‘The Men Who Stare at Goats’: Playing those mind games
The key question about “The Men Who Stare at Goats” is not whether it is true (though it allegedly is).
The key question is whether it will make you laugh.
No allegedly about it – it will.
Grant Heslov’s wild comedy is a delicious and funny trip through the powers of the mind – and the powers of suggestion. And it’s suggested that you laugh heartily at this shaggy “true” story of weird American experiments in brain power and thought control. You couldn’t ask for a better cast of actors for this offbeat and frequently hilarious tale.
Based on a nonfiction book by Jon Ronson, Heslov’s film is told by Bob Wilton (Ewan McGregor), a newspaper reporter who stumbles upon this story while working for a small-town paper. A local man (Stephen Root) tells him a wild tale about a special U.S. Army unit of “psychic warriors,” naming names and dates. But Bob’s editor pooh-poohs the tale – just before he runs away with Bob’s wife.
Distraught, Bob gets himself embedded as a reporter in Iraq, looking for the excitement and romance of the war correspondent. Instead, he is stuck hanging around a hotel pool, until he stumbles across one of the names – Lyn Cassady – that his crackpot source had mentioned, staying at the same hotel. When he approaches Cassady (George Clooney), however, Cassady denies any knowledge – of anything – then tries to disappear.
But he can’t shake Bob, and they wind up as traveling companions on a secret mission into Iraq, where Lyn begins to unspool the history of America’s First Earth Battalion. It’s a wildly unlikely tale, involving an officer, Bill Django (Jeff Bridges), who undergoes experiments involving LSD in the 1960s that open his mind to the possibilities of creating a top-secret unit of soldiers with psychic abilities.
He fashions a squad of “warrior monks,” capable of astral-projecting, reading minds, walking through walls – even using their psychological powers to slay small animals (such as goats). But, as Bob finally learns, Django has gone missing – and Cassady’s mission is to find him.
The mission is a mix of high and low comedy – a blend of funny lines and bizarre slapstick, as Bob and Lyn traverse the Iraq countryside in search of Django. Along the way, Lyn seems to alternately prove and disprove his own abilities to Bob – even as he talks about the ways the First Earth Battalion went wrong, thanks to a snake in the psychic Eden named Larry Hooper (Kevin Spacey).
Hooper, it turns out, is jealous of those with stronger powers. He also has a Dick Cheney-like streak and wants to use his own powers (and the powers of others) for world domination, rather than bloodless combat. It’s a nicely attuned allegory, true or not.

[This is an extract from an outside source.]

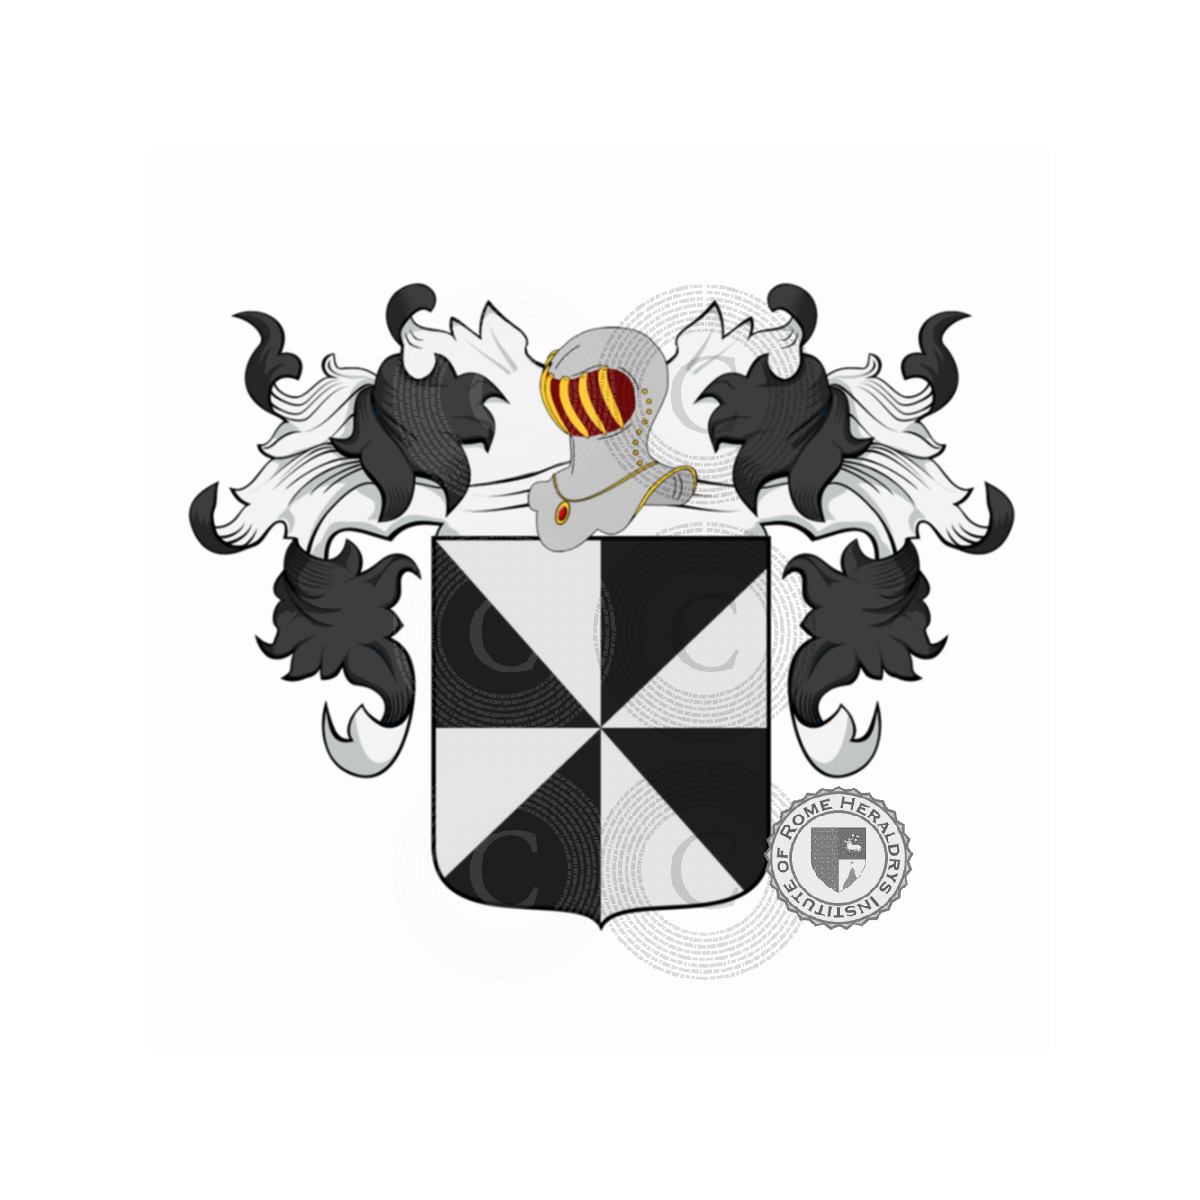 Wappen der FamiliePalmieri, Palmieri da Figline,Palmieri de Gangalandi,Palmieri del Drago,Palmieri del Rasoio,Palmieri della Camera,Palmieri Nuti

“The Men Who Stare at Goats” is as unpredictable and oddly built a comedy as I’ve seen in a while, capable of frequent surprises. Heslov, working from a script by Peter Straughan, finds a smooth story-telling style, despite a screenplay that bounces between the present, flashbacks that are enacted and others that are simply narrated. The fact that there are a couple of different narrators – Bob and Lyn – doesn’t detract from the film’s cohesiveness.
McGregor has an open-faced eagerness as Bob that masks a temper and anger (over his wife’s betrayal) that flares at unexpected moments. He’s not an awestruck camp follower but a skeptic upset at himself for letting his gullibility (and his hunger for a scoop) lure him into following Lyn.
Clooney, by contrast, conveys a mixture of ferocity, fear and resignation as Cassady. He’s a jaded old spook – but also a true believer, one who has a healthy respect for his own abilities and believes in them completely. It’s a very different Clooney from the one on display in the upcoming “Up in the Air.”
Bridges plays Django with a free-swinging braid of hair and a similarly unfettered approach to the universe at large. He’s a blissed-out cosmic searcher in the unlikely world of the American military, a soldier whose vision of the future warrior would probably give Donald Rumsfeld heartburn.
“The Men Who Stare at Goats” runs out of steam near the end, but that’s a minor quibble. This film manages to keep a straight face, even as it jumps into the realm of the goofy – and the unexplainable – over and over again.




November 3rd, 2009 at 3:51 pm
The promotions made me hunger for a bit more. So it is a movie thats going on my list. Been a fan of McGreggor way back when he did Shallow Grave and Clooney well he is quite good.